School bells in Baltimore Staying focused: It will be difficult for teachers facing the threat of more budget cuts.


AS THE CITY population continues to decline, so does the number of students in its public schools. Superintendent Walter G. Amprey says last year's 113,000 students may decline by as many as 4,900 this year. Yet many classrooms will be at capacity when school begins next week, with up to 40 students per teacher at some high schools and 25 to 35 per teacher in the lower grades.

The inability to reduce class sizes is testament both to the school system's poverty and to the unpopularity of gritty urban schools among today's teacher corps. Suburban schools have their pick of teacher applicants while Baltimore takes what it can get. And with the city about to go to court over inadequate state funding, no one knows when the situation will improve.

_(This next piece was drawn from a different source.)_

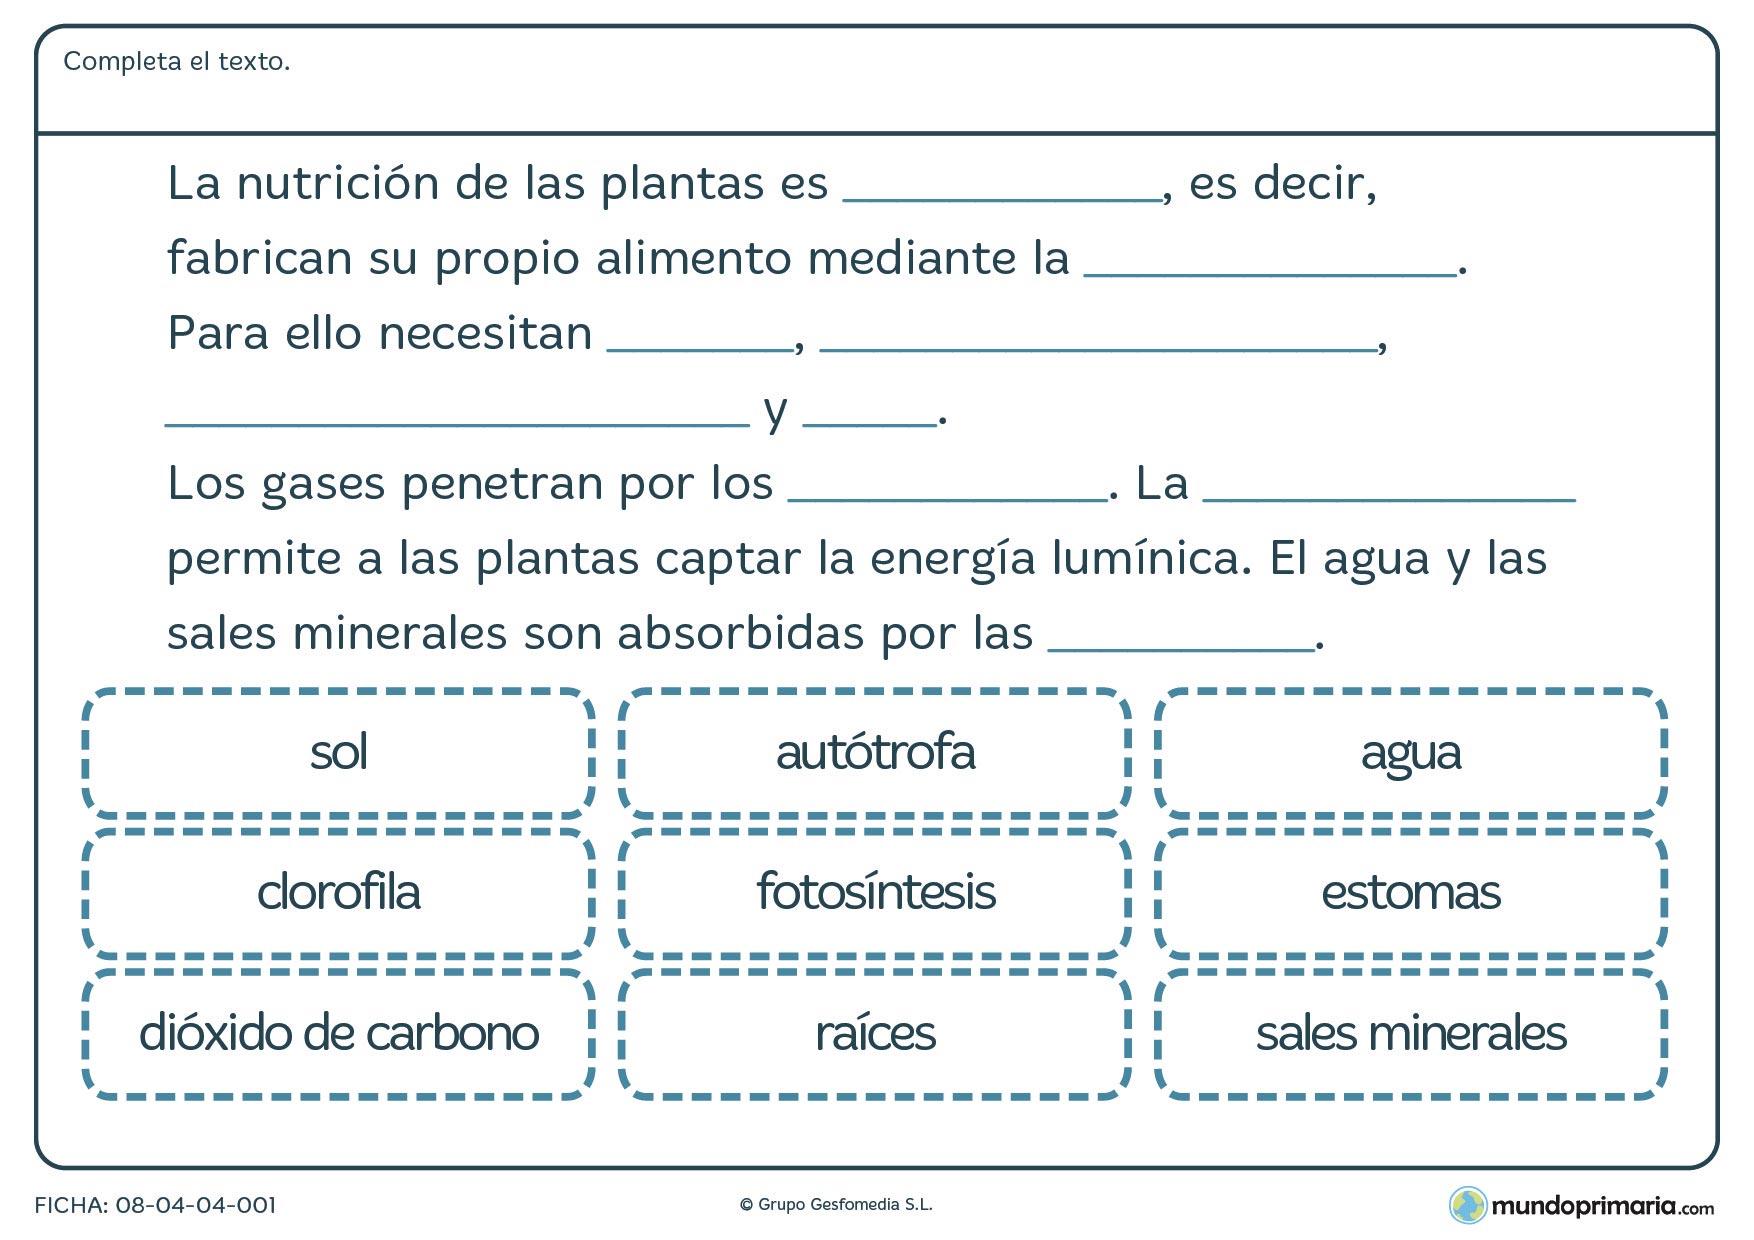 Ficha de nutrición de las plantas en la que habrá de rellenar los huecos con las palabras referidas a la nutrición de las plantas.

Students returning to Baltimore schools will find teachers trying to stay focused while fearful of financial calamity. The schools' $654 million budget is $7.5 million short due to expenditures that Dr. Amprey says had to be made. But that isn't the whole story. To pressure Baltimore administrators to make suggested management reforms, an angry state legislature is withholding $18 million in regular state funding plus another $12 million in supplemental aid.

The inability of Mayor Kurt L. Schmoke and Gov. Parris N. Glendening to agree on a plan giving Baltimore schools added funds in exchange for more state oversight means the issue could wind up in court. Trial on the city's school funding lawsuit is scheduled to begin Nov. 6. It could take a year or more for the trial, ruling and appeals to conclude. Even then, there is no guarantee the city will win its case -- and gain extra money.

With all the uncertainty over funding, it will be difficult for Baltimore teachers to remain motivated. Many of their students, coming from homes beset by urban ills, under the best of circumstances would represent a challenge. That challenge becomes more acute as city teachers anticipate additional cuts that will have to be made before the school year ends if the state funding dispute cannot be resolved.

As Baltimore's children return to classes, teachers must keep doing the best with what they have while hoping the mayor and governor quickly reach an accord that leaves schools both better funded and better managed.